◆ **GOAL OF THE EXERCISE**
Using the records below, write out only the lines from the line containing "Best Micro SD Card for Wyze Cam" up to and including the line containing "100+] My Little", exactly, with no pictures.

[TASK DATA — start]

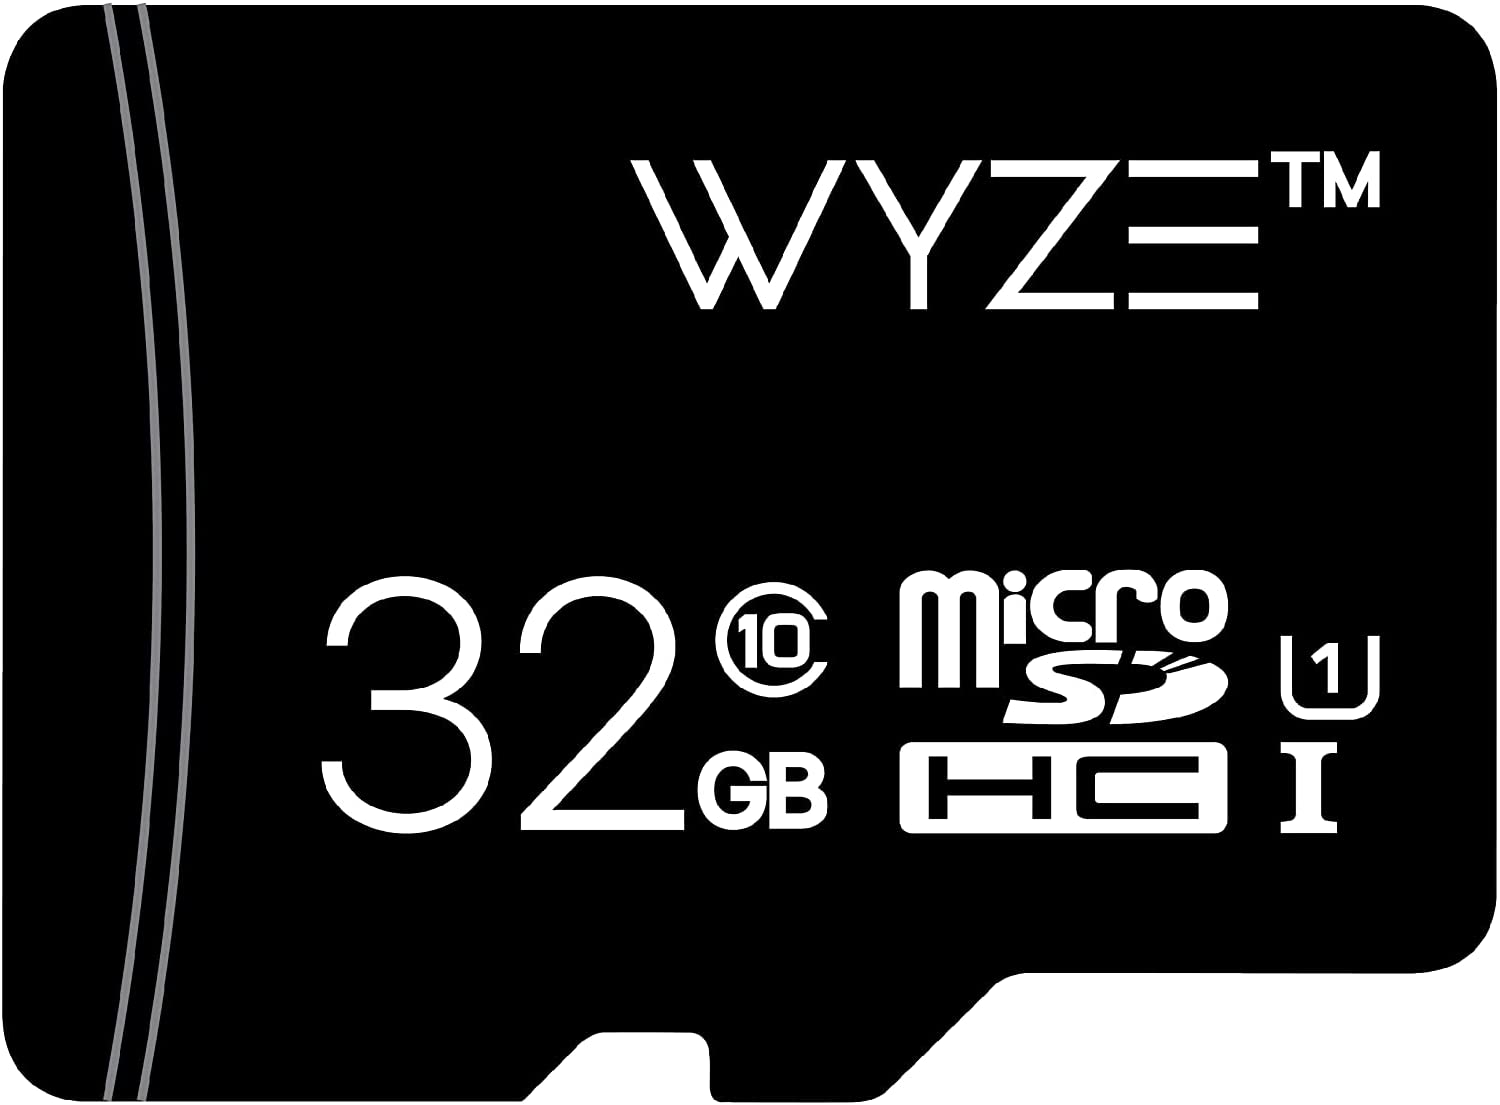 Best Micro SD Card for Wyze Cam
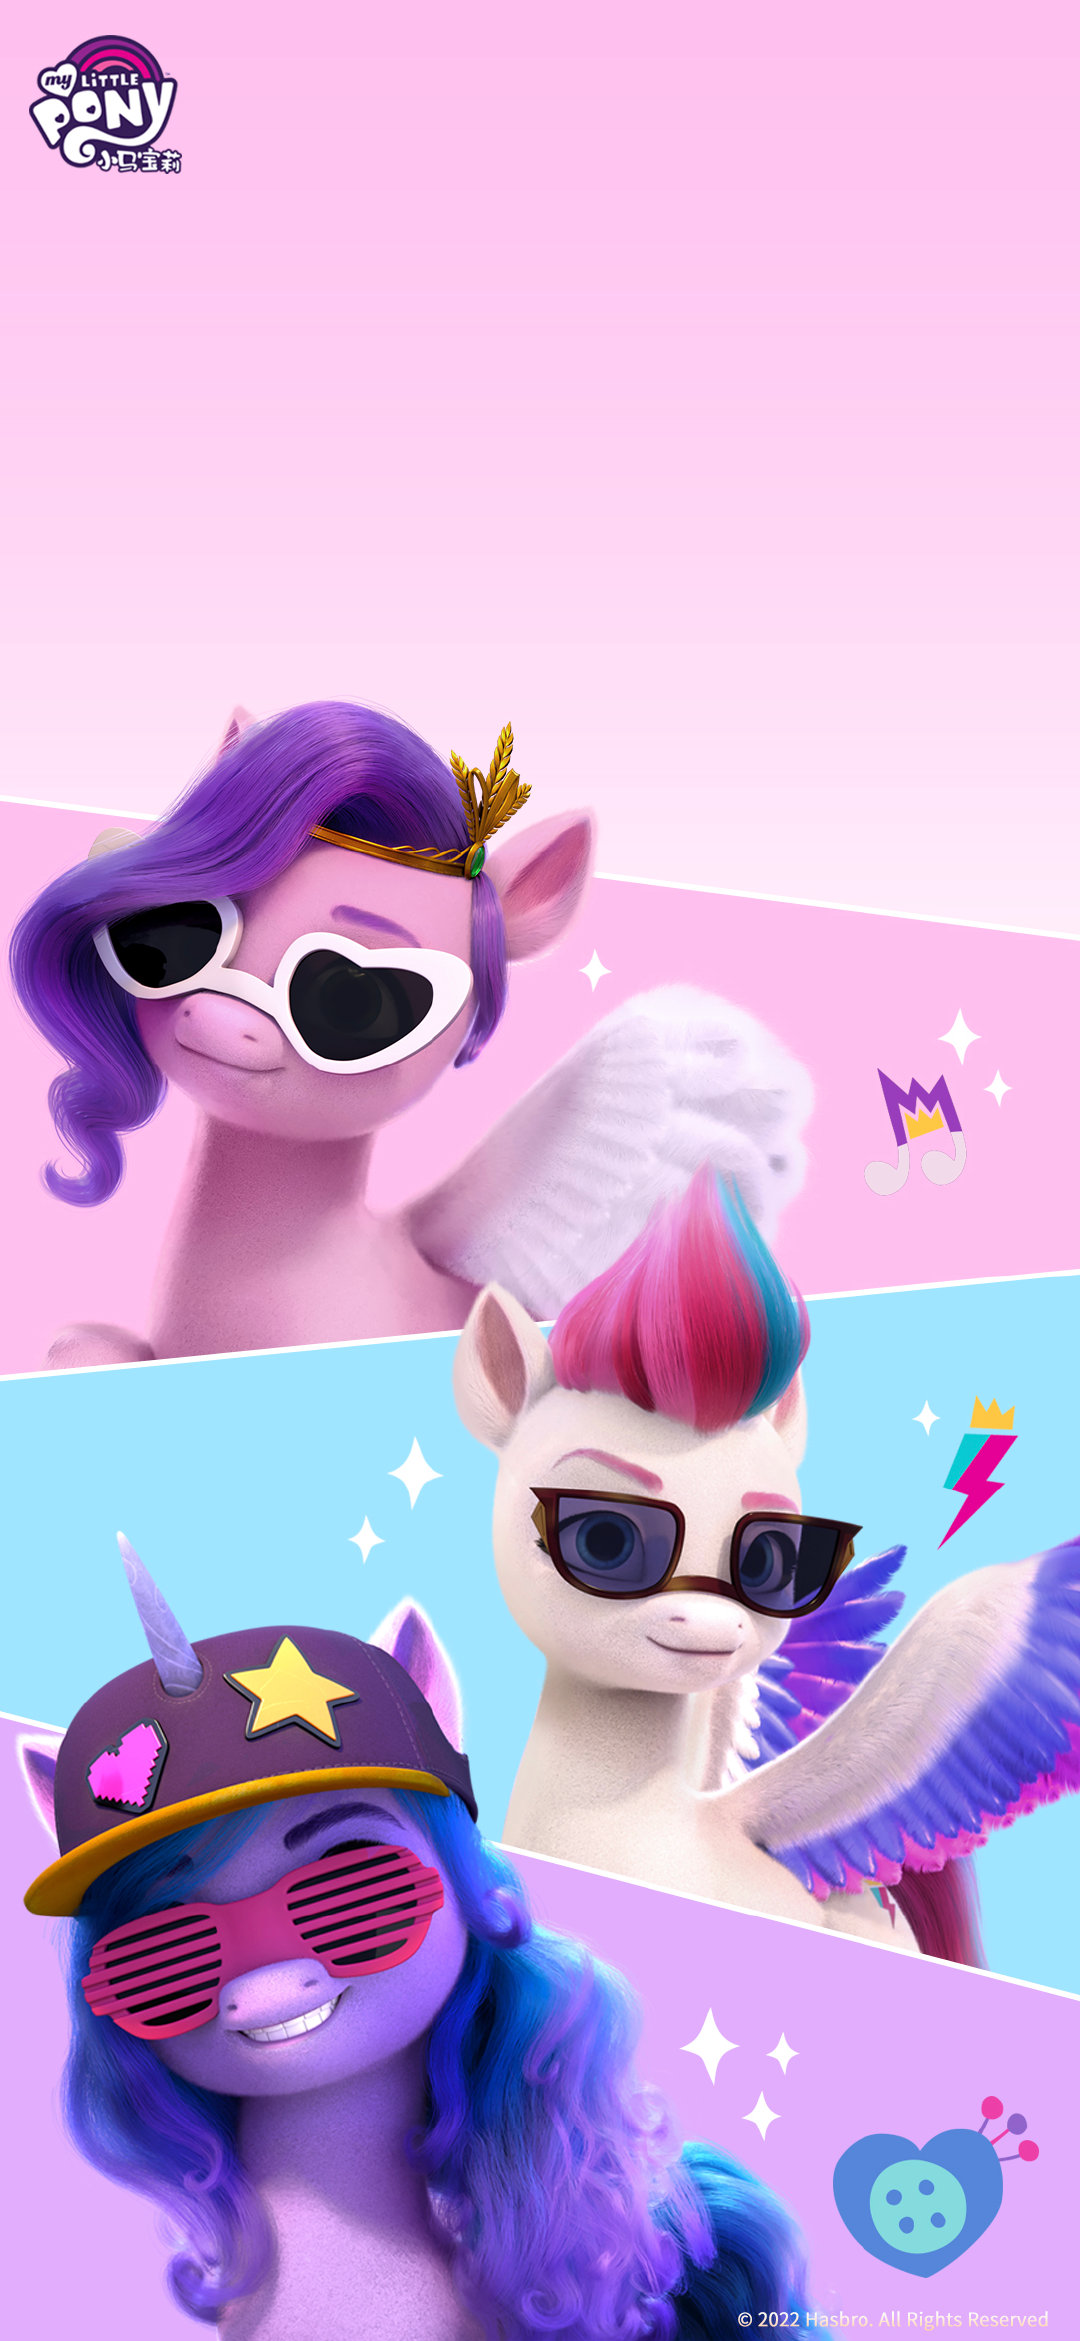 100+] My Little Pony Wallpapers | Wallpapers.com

[TASK DATA — finish]
[TASK DATA — start]

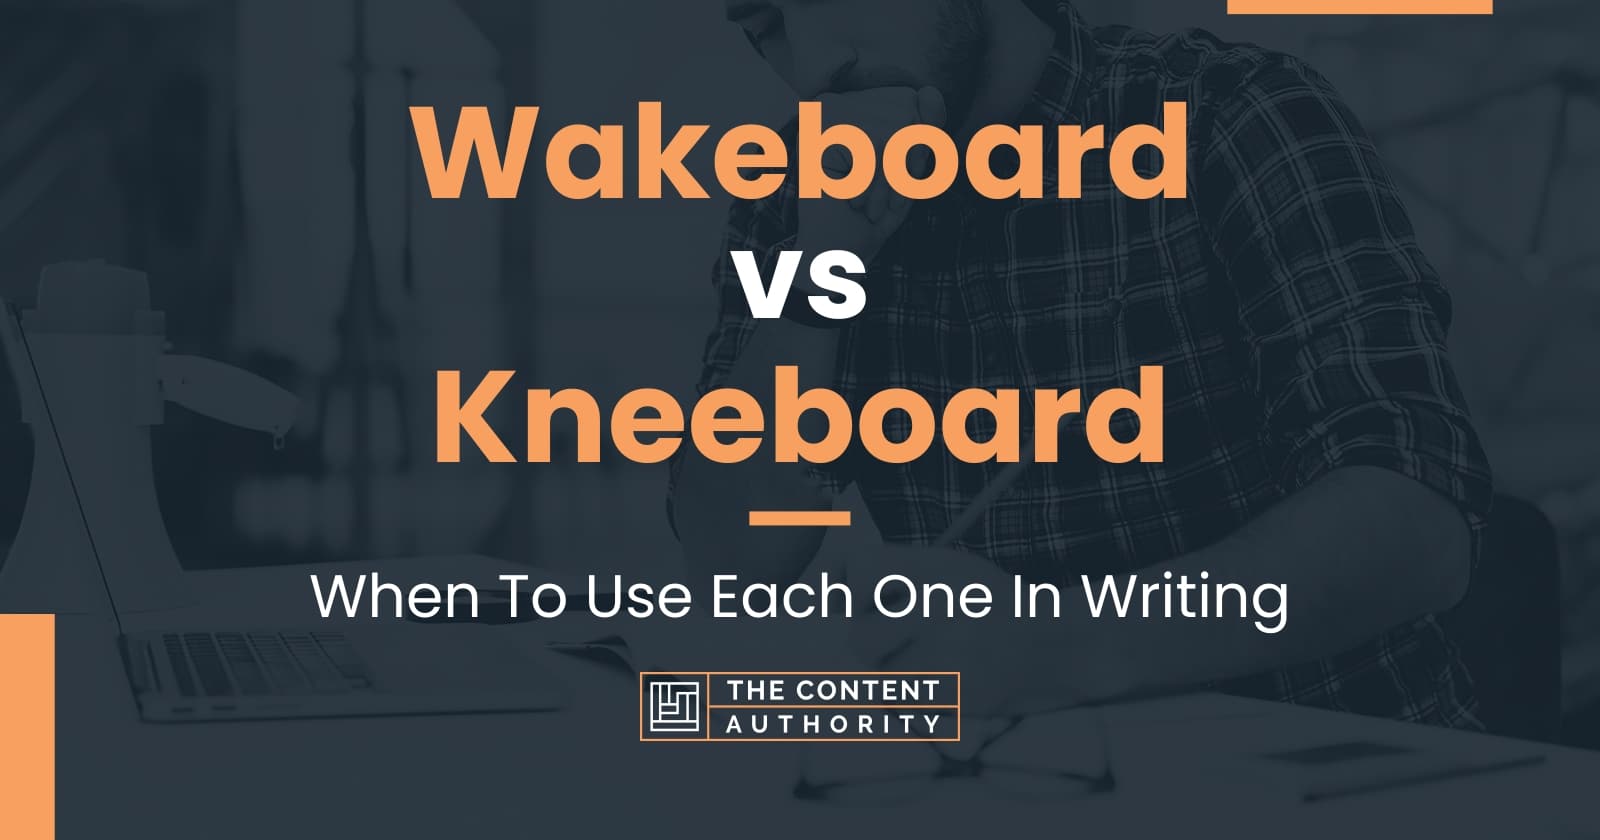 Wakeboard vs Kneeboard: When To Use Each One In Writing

[TASK DATA — finish]

◆ **TASK RESULT**
 Best Micro SD Card for Wyze Cam
 100+] My Little Pony Wallpapers | Wallpapers.com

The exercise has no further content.